So sicher, wie die Tage noch länger werden im Frühling, so sicher kommt die Diätwelle in dieser Jahreszeit. Zeitschriften, Postwurfsendungen, Internet, Radio und Fernsehen – überall wird die Werbetrommel für Diäten und Diätprodukte gerührt.

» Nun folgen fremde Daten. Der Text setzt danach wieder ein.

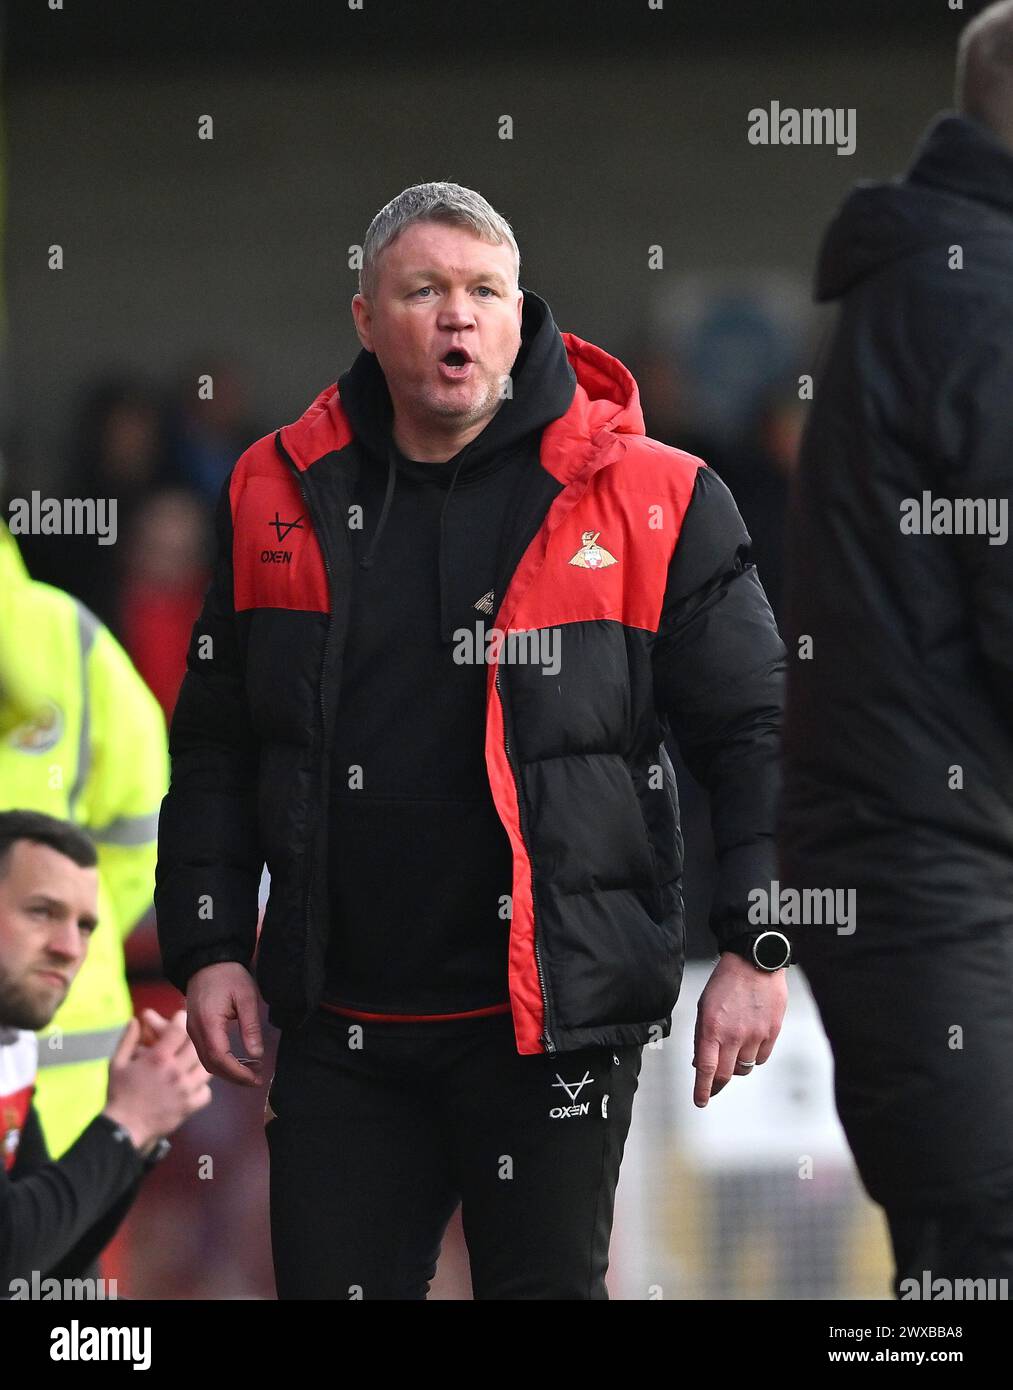 Crawley UK 29th March 2024 - Doncaster manager Grant McCann during the EFL League Two match between Crawley Town and Doncaster Rovers  : Credit Simon Dack / TPI / Alamy Live News. Editorial use only. No merchandising. For Football images FA and Premier League restrictions apply inc. no internet/mobile usage without FAPL license - for details contact Football Dataco Stock Photo

Vor allem Diätprodukte versprechen leichtes Abnehmen: "Sie können weiter essen wie bisher", "Geld-zurück-Garantie", "Schnell, einfach, gesund, dauerhaft abnehmen" – allein diese scheinbare Mühelosigkeit sollte stutzig machen. Denn wenn es so einfach wäre, gäbe es längst weniger Übergewichtige.
Die Werbung preist den Diätwilligen hauptsächlich zwei Wege zum Abnehmen an: Der eine besteht aus einer mehr oder weniger sinnvollen Zusammenstellung von Lebensmitteln. Bei der zweiten Möglichkeit sollen Präparate in Form von Shakes, Kapseln, Pulver oder Pillen die Gewichtsreduktion fördern.
Häufig werden extrem einseitige und damit ungesunde Diäten angepriesen, wie zum Beispiel die Kartoffel-, Ananas-, Eier-, Kohlsuppen- oder Reisdiät. Aber auch weniger radikale Diäten sind nicht immer optimal. Häufig werden Kohlenhydrate, auch aus Vollkornprodukten, abgelehnt. Stattdessen steigt der Anteil von Fett und tierischem Eiweiß, wie bei den Low Carb-Diäten (Low Carb: kohlenhydratreduziert). Brot, Nudeln oder Reis aus Vollkorn sowie Obst und Gemüse enthalten jedoch viele Vitamine und Mineralstoffe, sowie Ballaststoffe, die den Magen füllen, für ein längeres Sättigungsgefühl sorgen und die Verdauung ankurbeln.
Diätpräparate scheinen geradezu Wunderdinge zu vermögen, so suggeriert es jedenfalls die Werbung. Dabei sind die Aussagen häufig so geschickt, dass auch Diätwillige, die schon viele entsprechende Versuche hinter sich haben, immer wieder von einer angeblich neuen "wissenschaftlichen Erkenntnis" überzeugt werden. Doch Formula-Diäten, Fettblocker, Enzyme, Ballaststoffe, Appetitzügler, Spezialfette, entwässernde oder homöopathische Mittel sind entweder wirkungslos oder können sogar gesundheitliche Risiken bergen.
Die Verbraucherzentrale Berlin rät vor allem zur Vorsicht bei Diätprodukten aus dem Internet. Aufgrund bislang fehlender Kontrollen enthalten solche Produkte besonders häufig gesundheitsgefährdende oder sogar verbotene Substanzen wie Sibutramin oder andere, leberschädigende oder krebserregende Bestandteile. Auf der Zutatenliste tauchen sie allerdings nicht auf.
Ein langfristiger Gewichtsverlust ist nur durch eine Ernährungsumstellung mit einer ausgewogenen und energiereduzierten Mischkost zu erzielen. Sportliche Aktivitäten unterstützen den Erfolg zusätzlich.
Zum Thema Internetbestellungen von Schlankheitsmitteln führen die Verbraucherzentralen derzeit eine Online-Umfrage durch, mittels derer sie erfahren möchten, wie es Verbrauchern mit Schlankheitsmitteln ergangen ist, die sie über das Internet bestellt haben.